192.168.235.3 works well, and Server3 works well as a name if
you are going the bland route. (Note that the cluster itself ends up being
represented as a virtual machine on the network, with an IP Address, a name,
and 'resources' at its disposal. If you put SQL Server (or Exchange for that
matter) then that 'server' will have its own name and IP address (and
resources) in addition to the name and IP of the cluster. (In this manner, a
clustered SQL Server with 2 nodes consumes 6 IP Addresses, and 4 Network
names: 2 HeartBeat addresses (on a private networks). 2 IP addresses for use
by the servers (upon which the cluster is built) along with 2 network names,
and 1 name and IP for the cluster, as well as 1 name and IP for the Clustered
SQL Server (or virtual server as it is called).
- When it comes time specify an account for the cluster service to run
under, use the account you created up in step 3.
- At the final, summary, page of the wizard, there's a
Quorum button. It should be its own screen, but it's just a
button squirreled away on the very last page. Pay attention for
it. Click it, and make sure that it is trying to use your
Quorum drive for the Quorum drive (it's
NOT smart enough to figure it out on its own).
- Once the wizard is complete, the cluster service installs.
- Once that's complete, bring Server 2 online. You can then either open the
Cluster Administrator on Server 2 and Add
Server 2 to an existing node, or return to Server 1 (now also called Server 3
- or the Active node in the cluster) and Add a new server to the Node (Server
2). The wizard is pretty similar, only there aren't as many steps.
Once the second wizard is done, you've successfully created a cluster. Woot!
If you're a true geek, you'll fail it over a few times just to see it in action
(go to the Groups node in Cluster Admin and right click the Cluster Group, then
select Move Group (i.e. move the resource group to another cluster)). Note too,
that as you do this, the Group 0 resource (your remaining shared HD) stays with
the original node (though you can move it too).
9) SQL Pre Configuration
- You'll want to install MSDTC on both servers in the
cluster. Move the Cluster Resources to Server1. (Fail the
resources back to Server1 if you need to.)
- Start | Control Panel | Add/Remove Programs | Add/Remove Windows
Components.
- Select Application Server, and then click
Details. Then select Enable network DTC
access and click OK (boy is this tons easier than
configuring it for Windows 2000) a few times to load in
MSDTC.
- Once Server1 is configured, fail over to Server 2, and do the same.
10) Install SQL Server
- You'll
want NEED to copy the contents of
your SQL Server 2000 Enterprise Installation CD onto the local harddrive for
Server 1. (Otherwise you'll most likely encounter a read error during the
middle of installation. Recovery at this point is just UGLY.)
- Make sure cluster resources are on Server1. (Otherwise your
installation won't get far...)
- Change the name of the Group 0 resource to SQL
Server Resource.
- Run the autorun.exe from your VM's hard drive. (i.e.
start the 'CD' up from your Hard Drive).
- From the splash screen select SQL Server 2000 Components,
and the pick Install Database Server.
- Walk your way through the wizard. You'll be creating a Virtual SQL
Server. And you'll need to provide a network name for it. SQLServer
is a good name if you're going the bland route, otherwise it has to either be
Marge, or Barney <g>. You'll also need to specify an IP Address as well.

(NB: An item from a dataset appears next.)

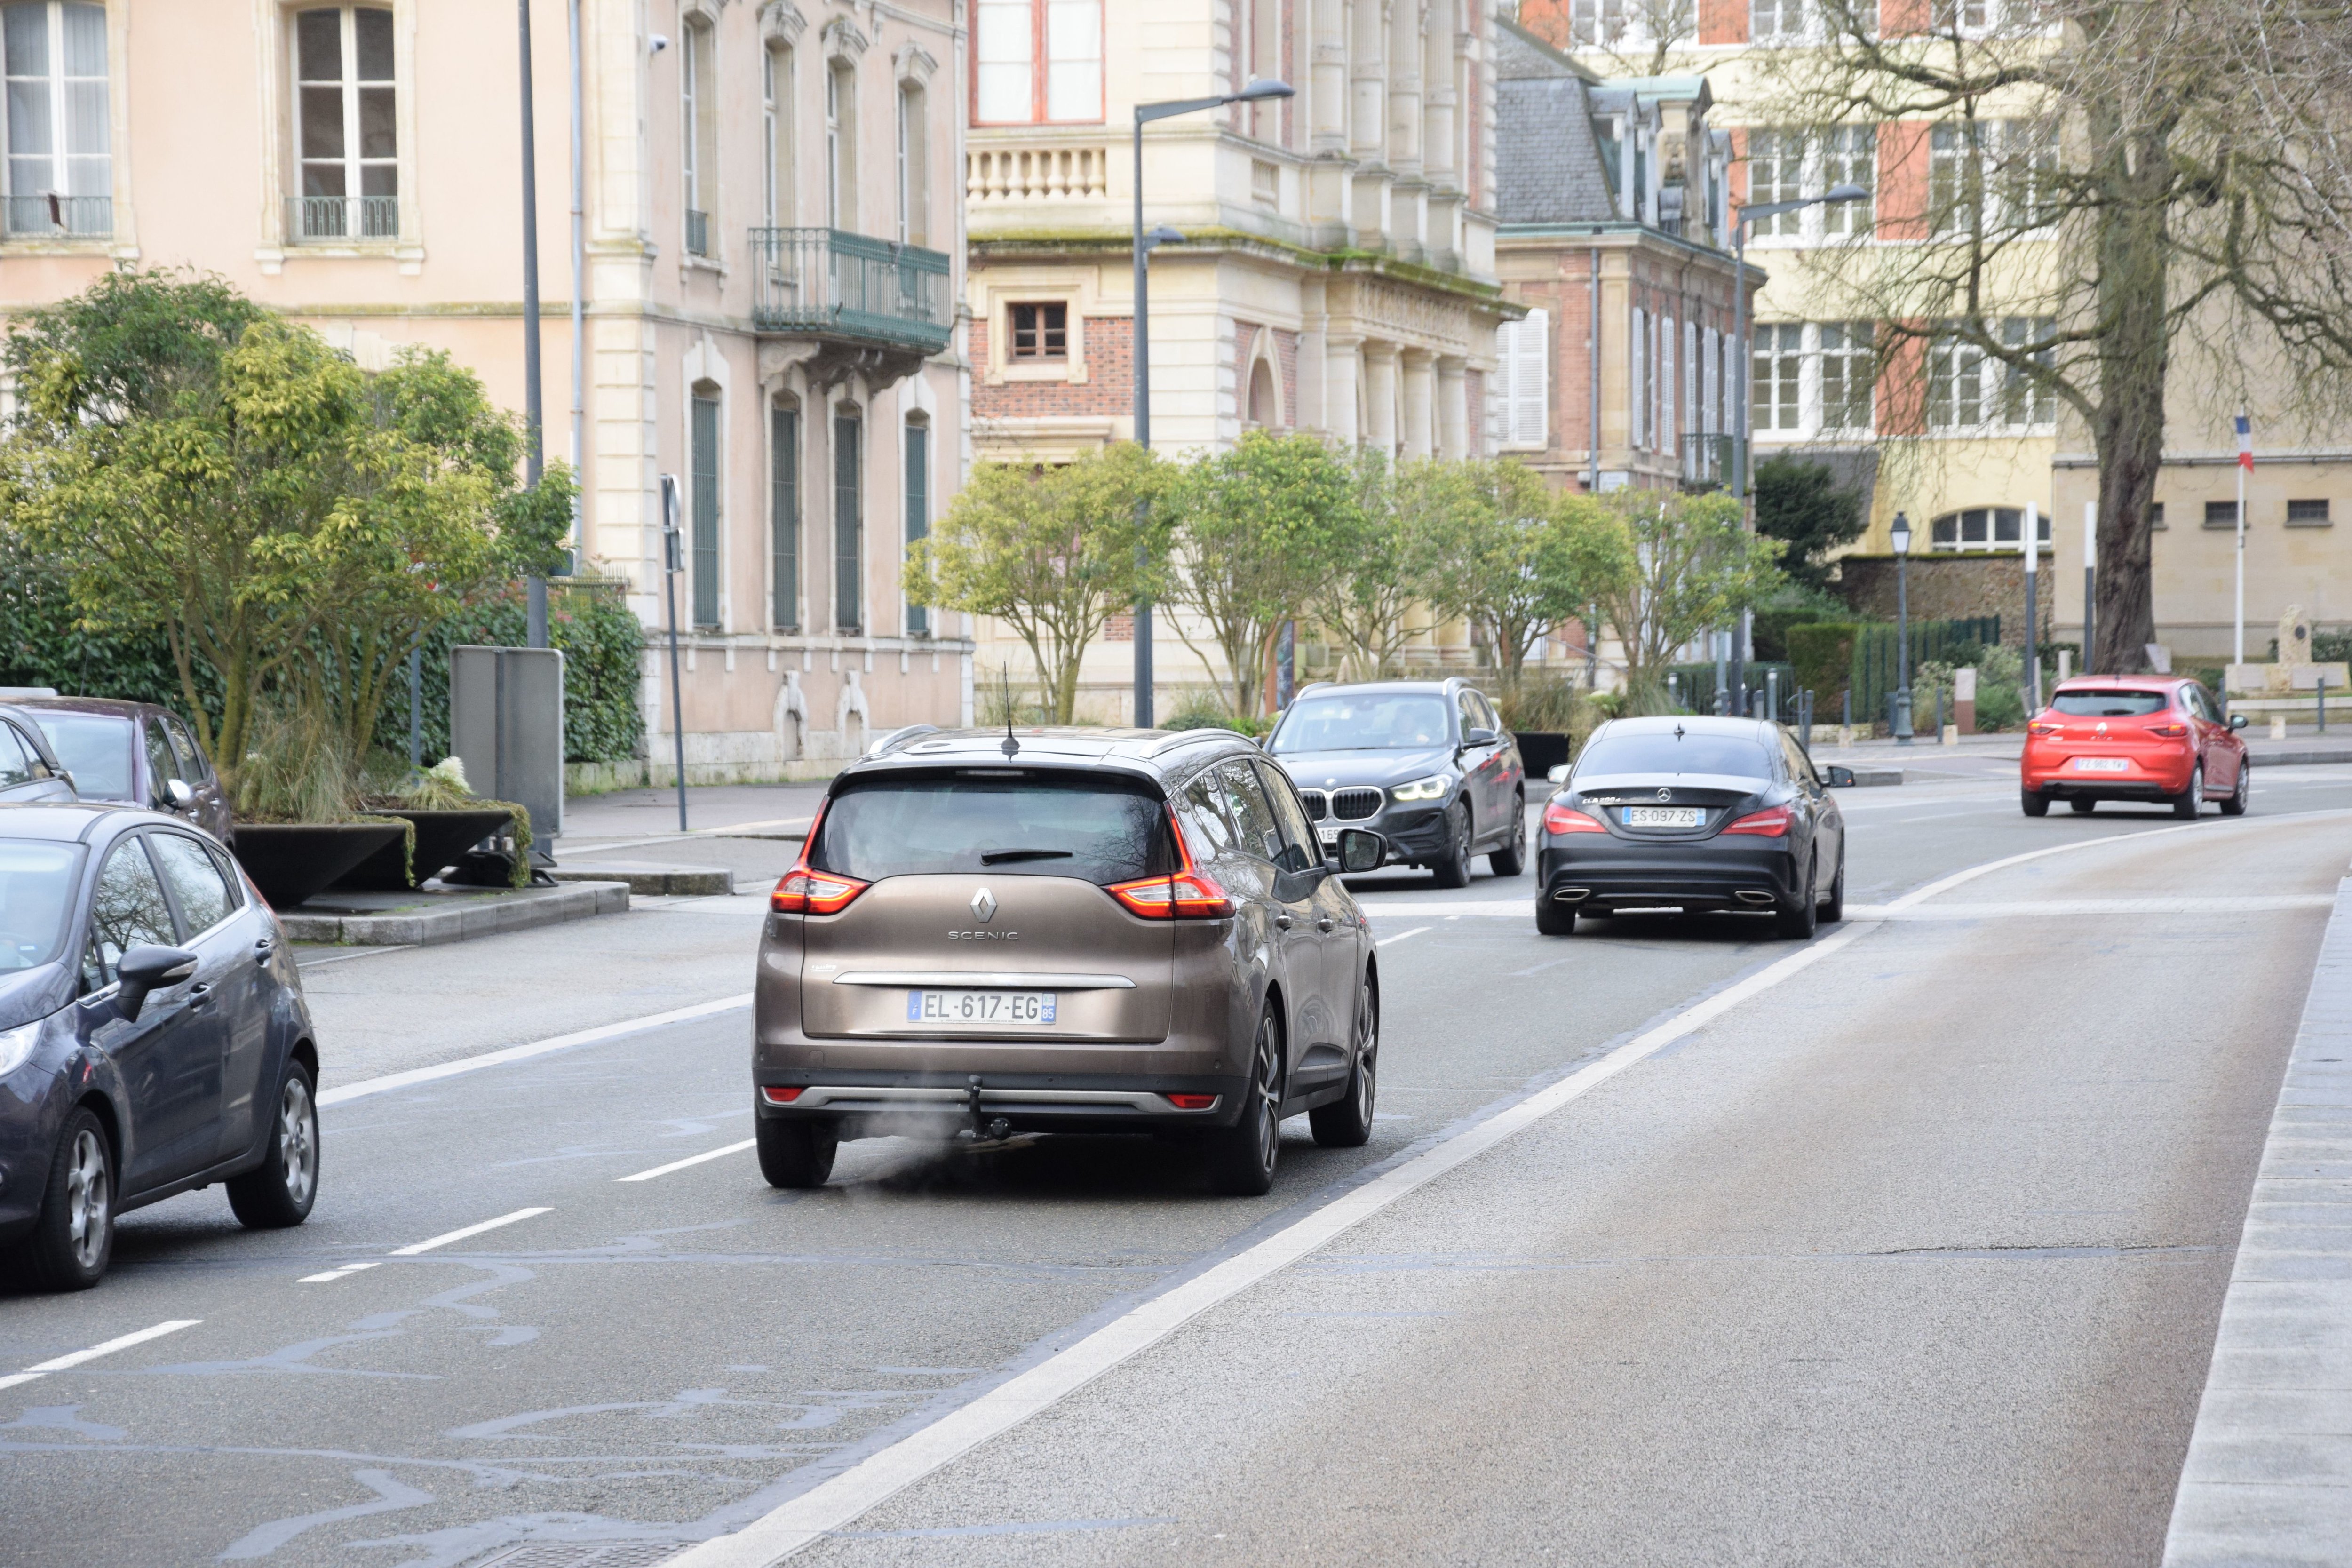 Depuis l'instauration de la limitation de vitesse à 30km/h à Chartres (Eure-et-Loir), les émissions de dioxyde d'azote (NO2) ont baissé de 67% estime l'association Chartravélo./LP/Christophe Blondel

When you do so, make sure you are binding the IP address to the
External NIC, not to the heartbeat NIC.
- Finish up the installation as needed (putting your database files on the R
Drive).
When Installation completes, you'll have a watered down, not-terribly-secured
BUT clustered SQL Server instance in a completely virtual environment. (You may
then want to set dependencies and other things on cluster resources in the SQL
Server Resource Group... check out the Patterns
and Practices Library for details (though remember this info is old and for
Windows 2000 - though it's not that different).